Ou plutôt, ses non-choix.

Elle a raison, je lui dis. Elle a raison : comment est-il possible de faire des choix dans cet univers trop vaste ? Mais comment être vraiment heureux sans en faire ? Éparpiller son amour, c’est aussi le meilleur moyen de ne jamais le voir grandir. Je lui cite Novecento Pianiste, d’Alessandro Baricco. Ou en tous cas j’essaye. Cet incroyable monologue sur l’infini mortifère.

Moi, je n’ai pas de réponse. Je n’ai pas envie de voleter d’un endroit à l’autre, sans amour. Mais je suis encore trop ligotée par l’idée que le moindre chemin que l’on prend est un chemin à vie – qu’on n’a pas le droit de se louper.

Elle, elle a pris sa décision. Elle réinventera sa vie chaque fois qu’elle le voudra.

Ses yeux bleu clair portent la couleur de la détermination. Elle pourrait presque paraître froide. Pourtant, elle ne l’est pas. Elle a peut-être cette réserve, propre aux pays du nord, qui met parfois mal à l’aise les latins, mais il faut lire entre les lignes. Et entre ses lignes, entre ses mots, j’entends

une relation compliquée avec sa famille

une rupture difficile

trop de souffrances qui l’ont conduite à choisir le minimum d’implications émotionnelles pour se protéger

mais aussi

surtout

une grande force de caractère et la certitude de faire ce qu’elle aime, sans rendre de compte à qui que ce soit

« Je pense que je vais vraiment changer ma manière de voyager », me dit-elle. « C’était vraiment bien de passer du temps avec vous, de développer une vraie relation pendant le voyage. C’est la première fois que ça me fait ça. »
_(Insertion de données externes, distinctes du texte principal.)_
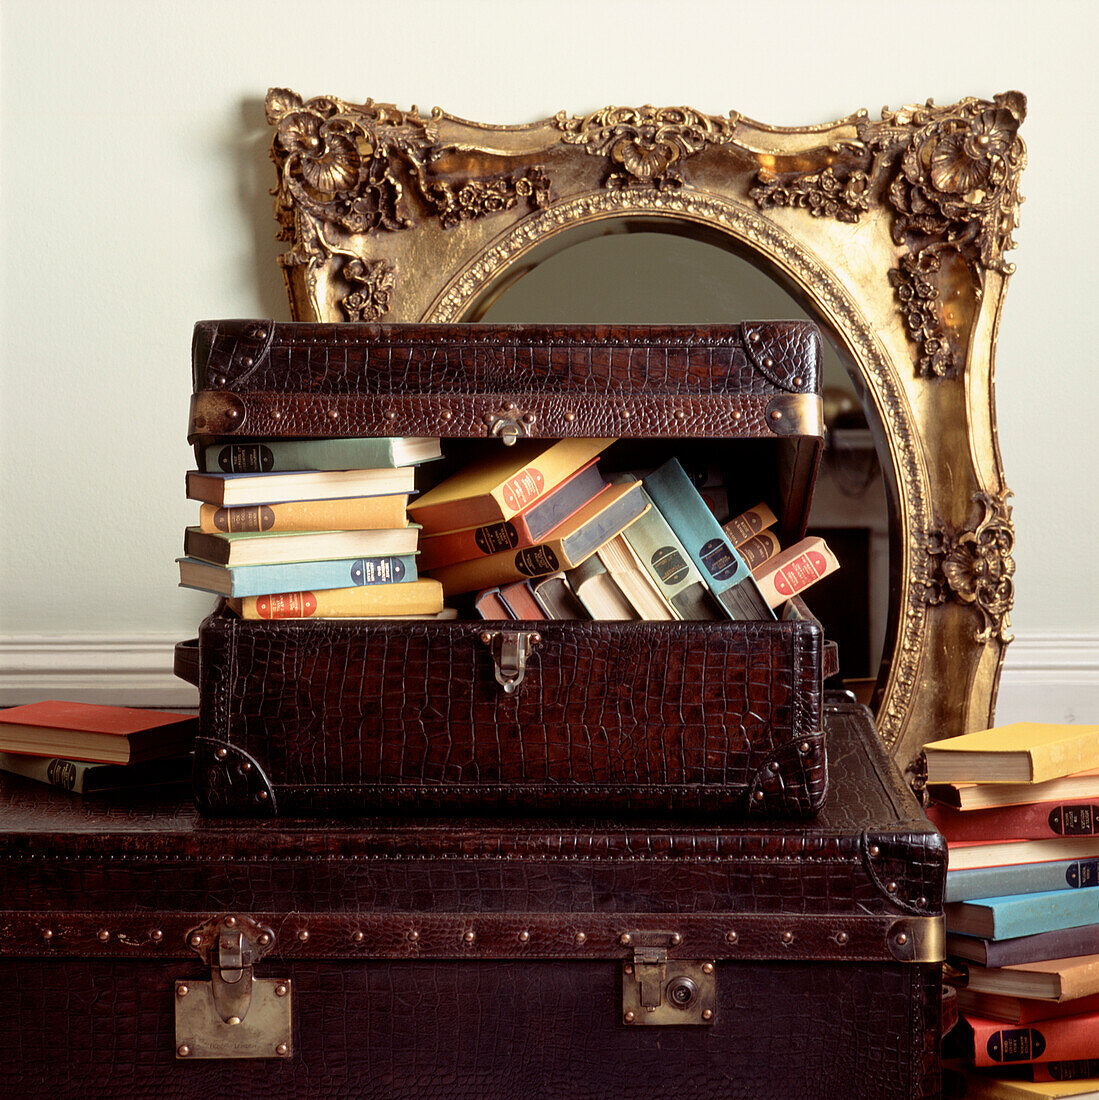 Koffer aus Krokodilleder mit alten Büchern und einem vergoldeten Spiegel im Rokoko-Stil im Hintergrund

Nous trinquons à cela. Nos verres remplis de whisky birman dégueulasse tintent sur la terrasse de notre auberge de jeunesse de luxe, le Wayfarer, située au milieu du quartier chinois de Yangon. Sous notre balcon, un défilé de passants et de voitures se frayent un chemin entre les petits stands de nourriture qui envahissent la ville. Nous sommes là depuis trois jours, trois jours à ne rien faire. A simplement dormir dans nos lits tout confort et à nous faire masser. Nous nous sommes même payés le luxe d’aller chez le coiffeur, juste pour les massages crâniens, et puis d’aller au cinéma pour voir « The Revenant ». Tous les jours, nous allons dans une petite rue où l’un des stands sert les meilleures shan noodles que nous ayons mangées dans tout le pays, et que nous dégustons assis sur des petits tabourets posés sur le trottoir. Et tous les soirs, nous nous retrouvons là, sur le petit balcon et nous parlons de la vie.

Ses paroles me réchauffent le cœur. A moins que ce ne soit le whisky birman. Demain, nous partirons tous les trois dans trois direction différentes. Lui en Indonésie, elle en Thaïlande, moi au Vietnam. A l’aéroport, nous prendrons des photos, promettrons de nous revoir. Sur mon téléphone, l’écran clignotant me dira « We will travel again. Don’t you worry! Buddies for life. »

Elle a changé sa manière de voyager.

Et moi, chaque fois que je me sens vaciller, je pense à elle. A cette femme dont j’aimerais puiser de la force pour m’accorder un peu plus de légèreté dans mes choix ou mes non-choix. Après tout, personne ne va en crever.

Oui, c’était vraiment bien de passer du temps ensemble.